*SOURCE MATERIAL*:
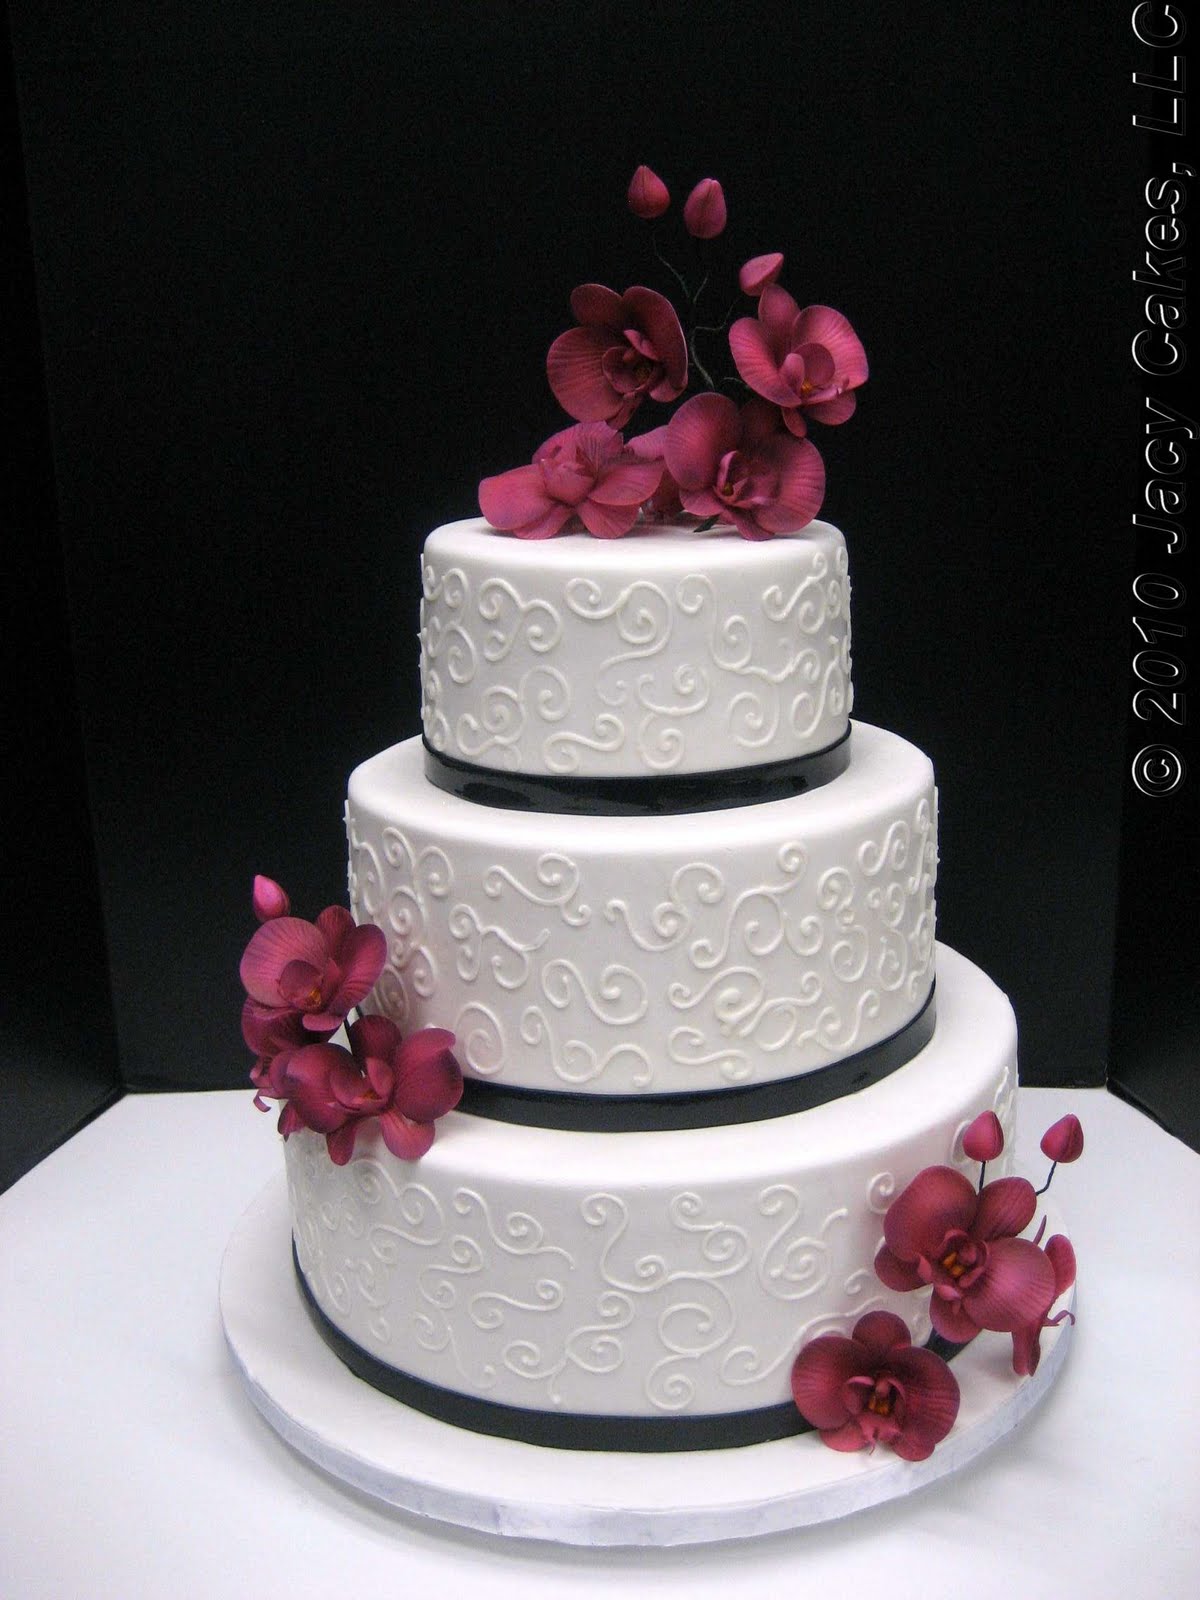 3 Tier Wedding Cake Designs 3
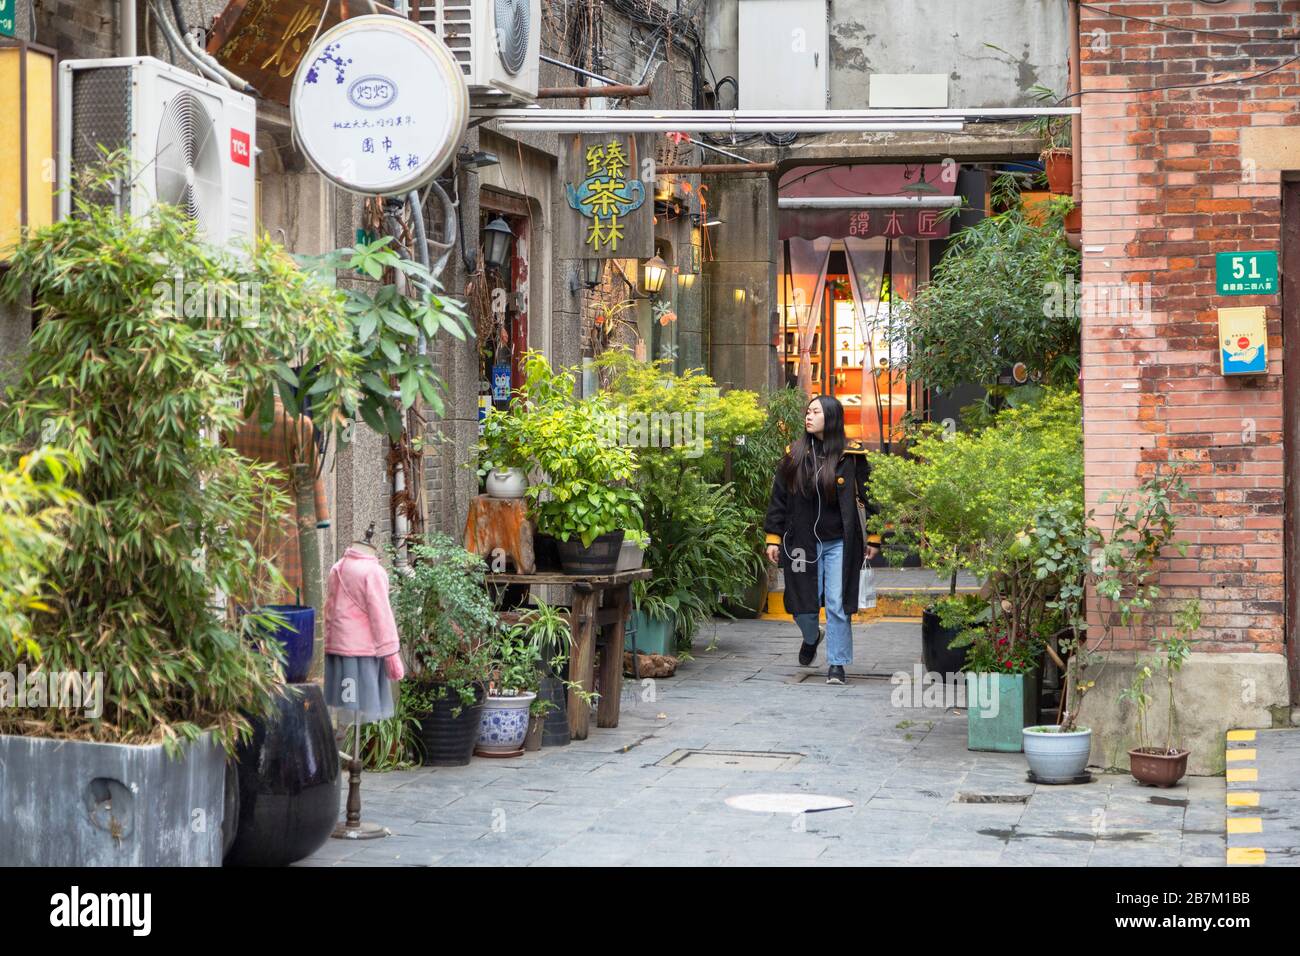 Woman walking around alleyways of Tianzifang, Shanghai, China Stock Photo
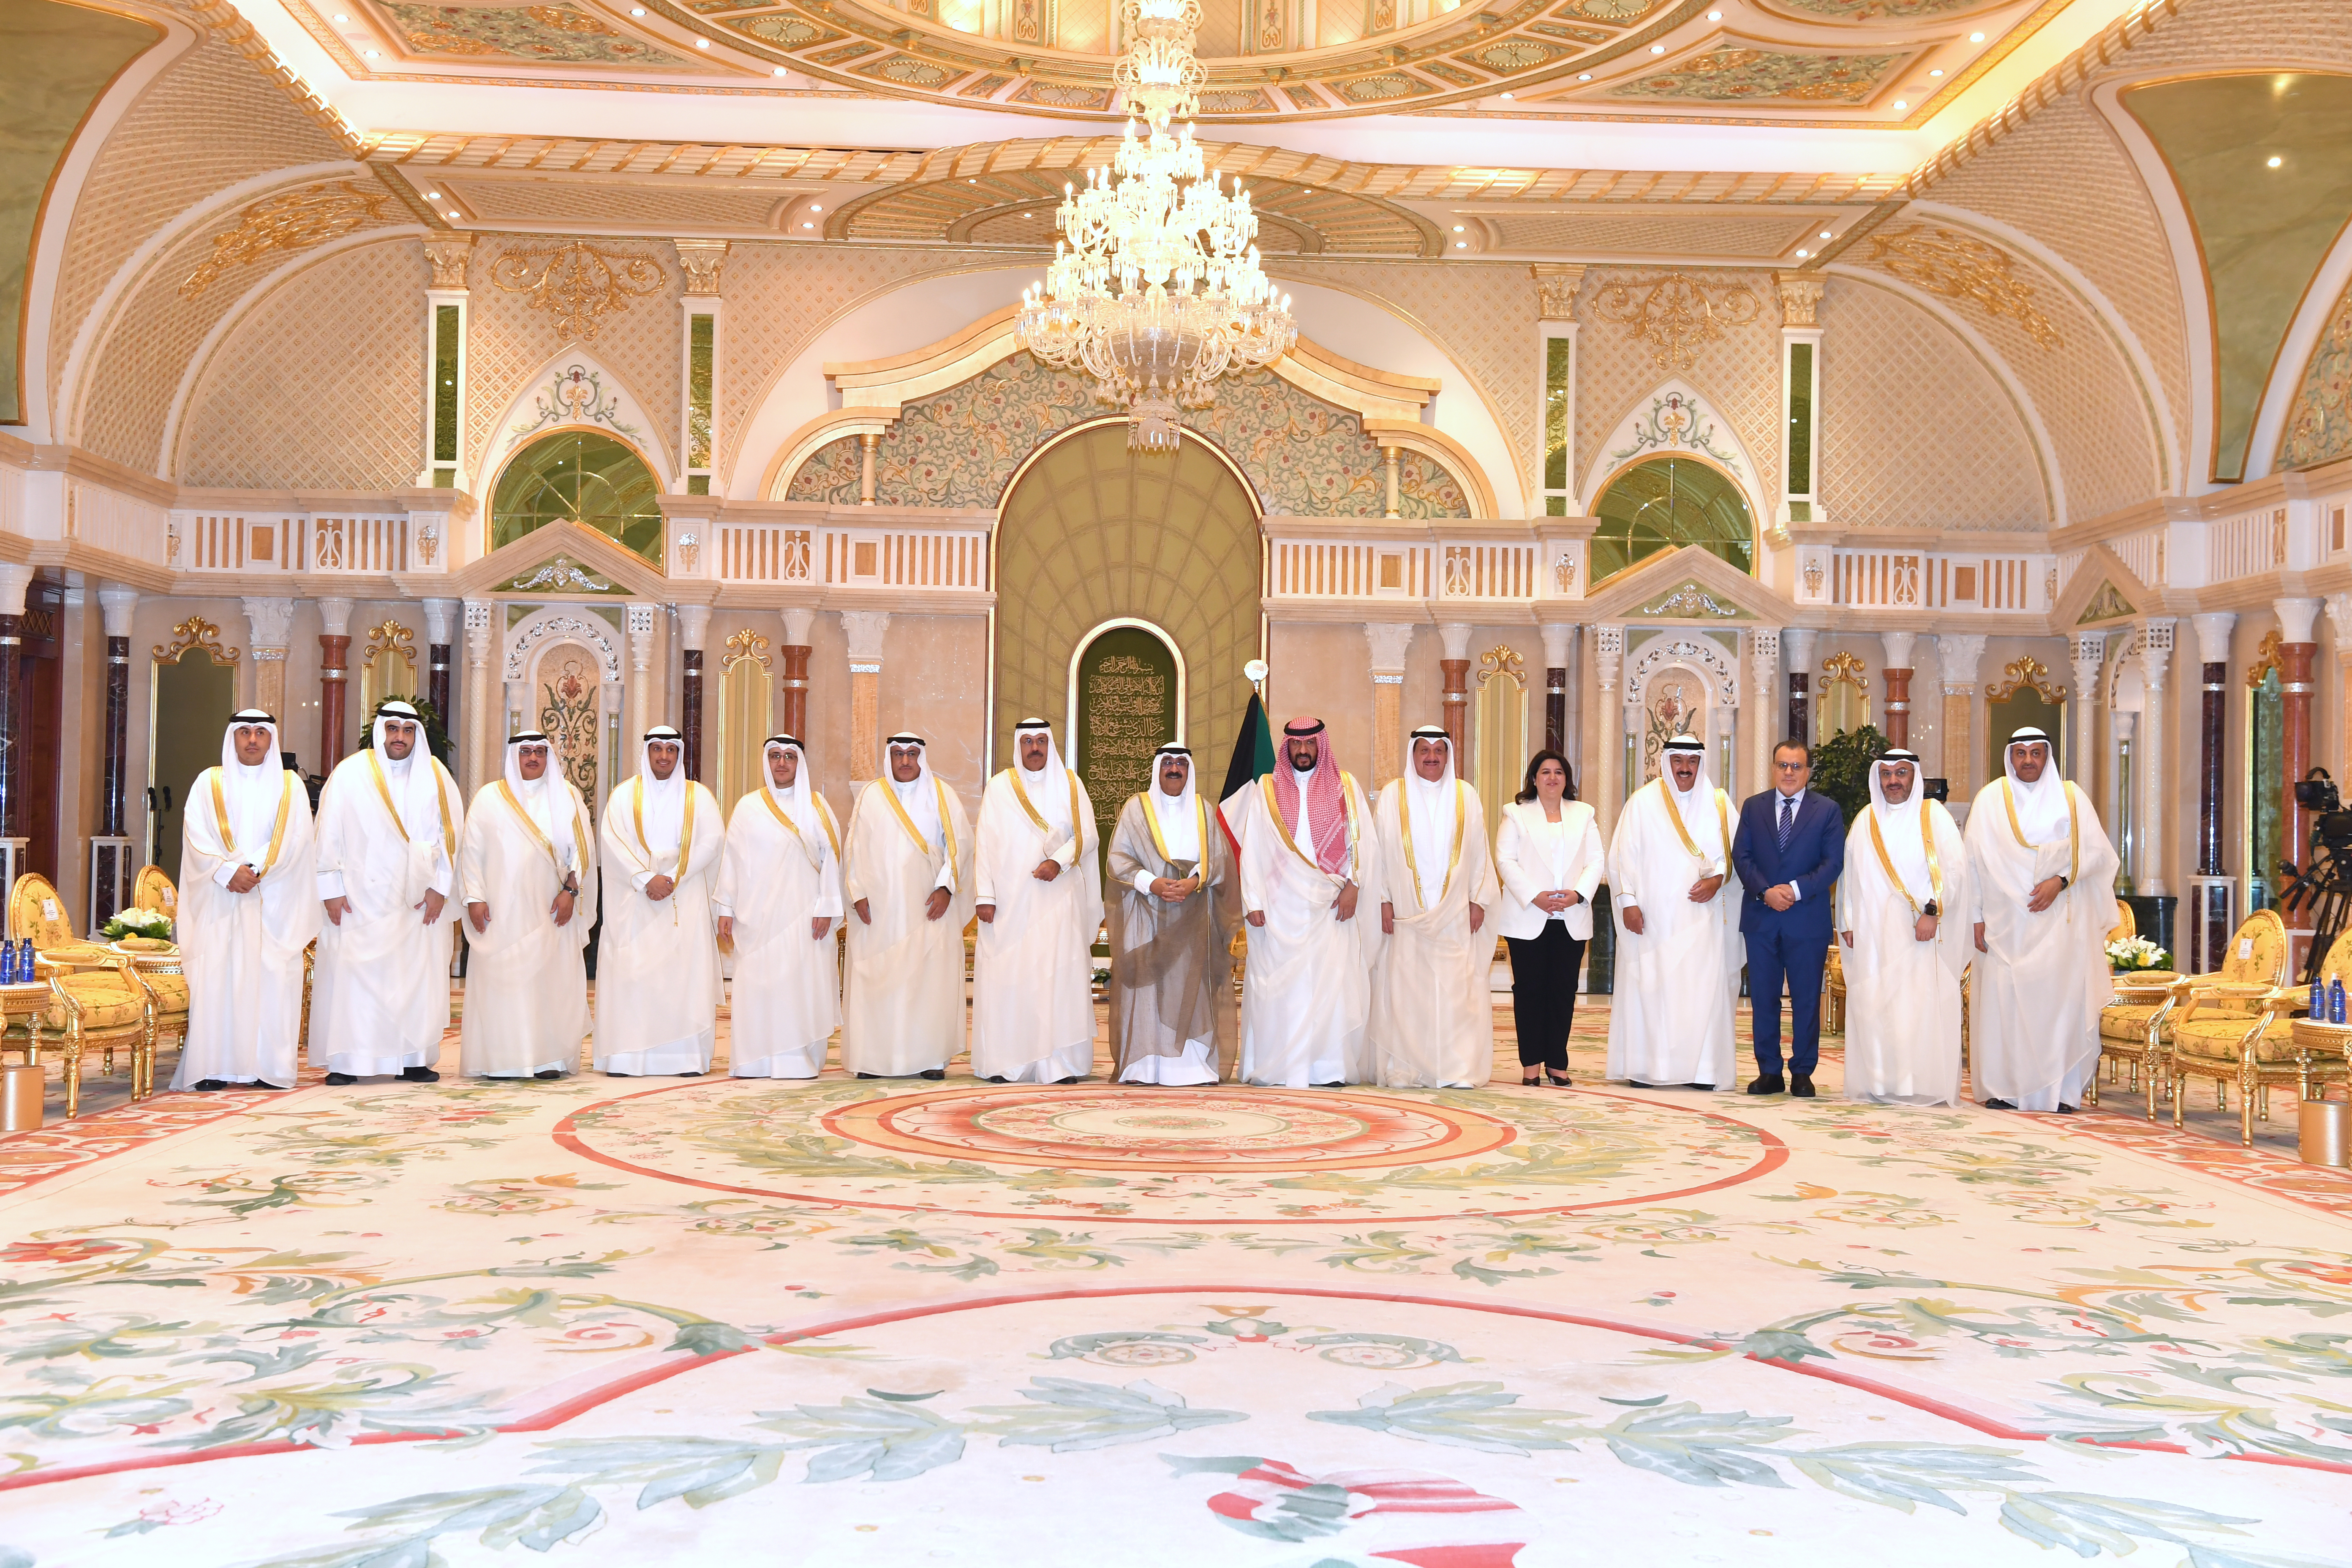 KUWAIT: His Highness the Crown Prince Sheikh Mishal Al-Ahmad Al-Jaber Al-Sabah receives the new Cabinet's members. -- Amiri Diwan photo

*ACTION ITEM*:
Quote exactly the lines from the one that contains "Woman walking around" through the end of the listing above, both ends included, leaving out the pictures.

*RESULT OF THE EXERCISE*:
 Woman walking around alleyways of Tianzifang, Shanghai, China Stock Photo
 KUWAIT: His Highness the Crown Prince Sheikh Mishal Al-Ahmad Al-Jaber Al-Sabah receives the new Cabinet's members. -- Amiri Diwan photo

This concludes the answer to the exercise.